Number of binary search trees over n elements

2
votes

I need to find a number of different binary search trees over n elements. I know, that the number of binary search trees over n distinct elements is Catalan number. But what if numbers can repeat? In Binary Search Tree elements of left subtree are less than root, and elements of right subtree are equal or greater than root.

This is my code for calculating a number of different binary search trees over n elements. I calculate this number by modulo 123456789, as it can be really big. Can I simply change it to solve my problem?

#include <algorithm>
#include <vector>
#include <iostream>
#include <limits>

using std::vector;
using std::cin;
using std::cout;
using std::endl;


long long countTreeDP(int nodeNumber) 
{
    vector <vector<long long> > cNumbers;
    for (int i = 0; i < nodeNumber + 2; ++i)
    {
        vector<long long> cur(nodeNumber + 2, 0);
        cNumbers.push_back(cur);
    }
    for (int i = 0; i < nodeNumber + 2; ++i)
    {
        cNumbers[i][0] = 1;
    }

    long long sum = 0;
    for (int i = 1; i < nodeNumber + 1; ++i) 
    {
        sum = 0;
        for (int j = 1; j <= i; ++j) 
        {
            long long numFirst = cNumbers[nodeNumber + 1][i - j] % 123456789;
            long long numSecond = cNumbers[nodeNumber + 1][j - 1] % 123456789;
            cNumbers[j][i] = (numFirst * numSecond) % 123456789;
            sum += cNumbers[j][i];
            sum = sum % 123456789;
        }
        cNumbers[nodeNumber+1][i] = sum;
    }

    return cNumbers[nodeNumber+1][nodeNumber];
}

int main()
{
    vector<long long> nodesValues;
    int size = 0;
    cin >> size;

    for (int i = 0; i < size; ++i)
    {
        long long elem;
        cin >> elem;
        nodesValues.push_back(elem);        
    }

    std::sort(nodesValues.begin(), nodesValues.end());

    int uniqueCount = 0;

    for (int i = 1; i < nodesValues.size(); ++i)
    {
        if (nodesValues[i] != nodesValues[i-1])
            ++uniqueCount;
    }
    cout << countTreeDP(uniqueCount + 1) << endl;
    system("pause");
    return 0;
}
1
c++algorithmbinary-search-treecatalan
Can you put the meaning of a single cNumbers[a][b] entry into words? If so, does that help you in answering your own question? Would I be correct in assuming that you will provide the sequence of tree node values as input, so that one can check which are distinct and which are equal? - MvG
Each cell p in a column K contains a value which is sum of the left trees and the right trees if pth element is the root. The idea of using matrix cNumbers came from here techieme.in/techieme/count-binary-search-trees . - Ann Orlova

1 Answers

4
votes

I'm assuming that a[i] for 0 ≤ i < n is your sorted array of node values. Here is what I'd do: create a two-dimensional table T such that entry T[x][y] counts the number of search trees for the subsequence x ≤ i < y. You'd initialize it by setting all T[i][i] for 0 ≤ i ≤ n to 1, since the empty sequence has only one search tree, the empty tree.

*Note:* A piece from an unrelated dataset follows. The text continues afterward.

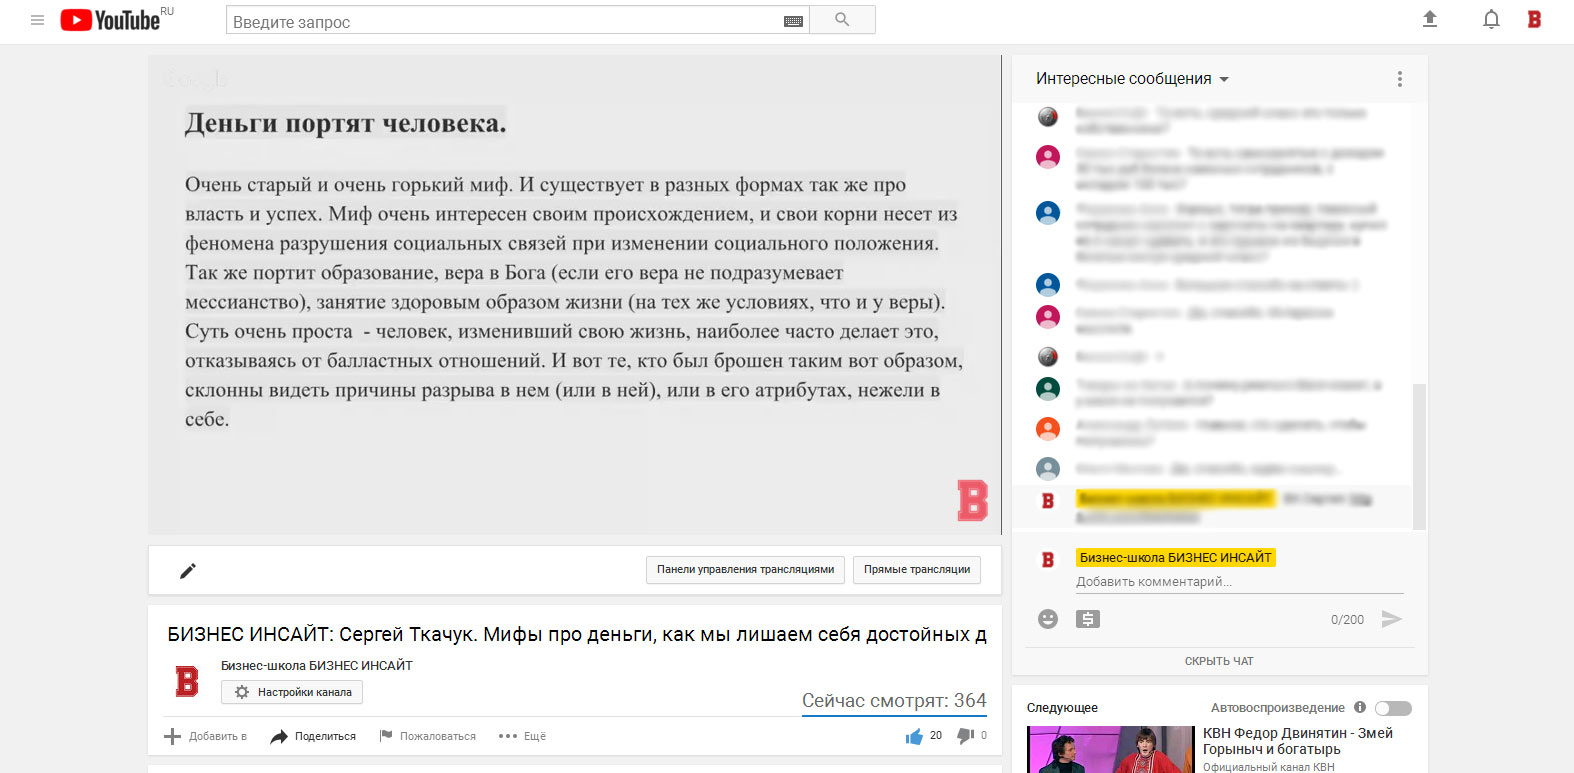 Сергей Ткачук провел открытый (бесплатный) вебинар на площадке БИЗНЕС ИНСАЙТ

Now you'd write three nested loops. The outermost loop iterates over sequence length, the middle iterates over possible starting positions, and the innermost iterates over possible tree nodes. Something like

for (int len = 1; len <= n; ++len) {
  for (int pos = 0; pos <= n - len; ++pos) {
    int left = pos, right = pos + len;
    long long cnt = 0;
    for (int root = left; root < right; ++root) {
      if (root > left && a[root] == a[root - 1])
        continue; // duplicate element may not be root
      cnt += T[left][root]*T[root + 1][right];
    }
  }
}

The above would work without the if for the case of distinct elements. If you can have duplicate elements, then an element can only be considered a root of a subtree (according to your definition) if the element before it is strictly less than the element itself, or if it is the first element of the subtree. So the check above skips invalid roots, so in the end T[0][n] would hold your desired count.

I'll leave the modulo arithemtic to you. I'll also leave it to you to compare this idea to the code you wrote yourself, since I don't feel like reading that much uncommented code just now.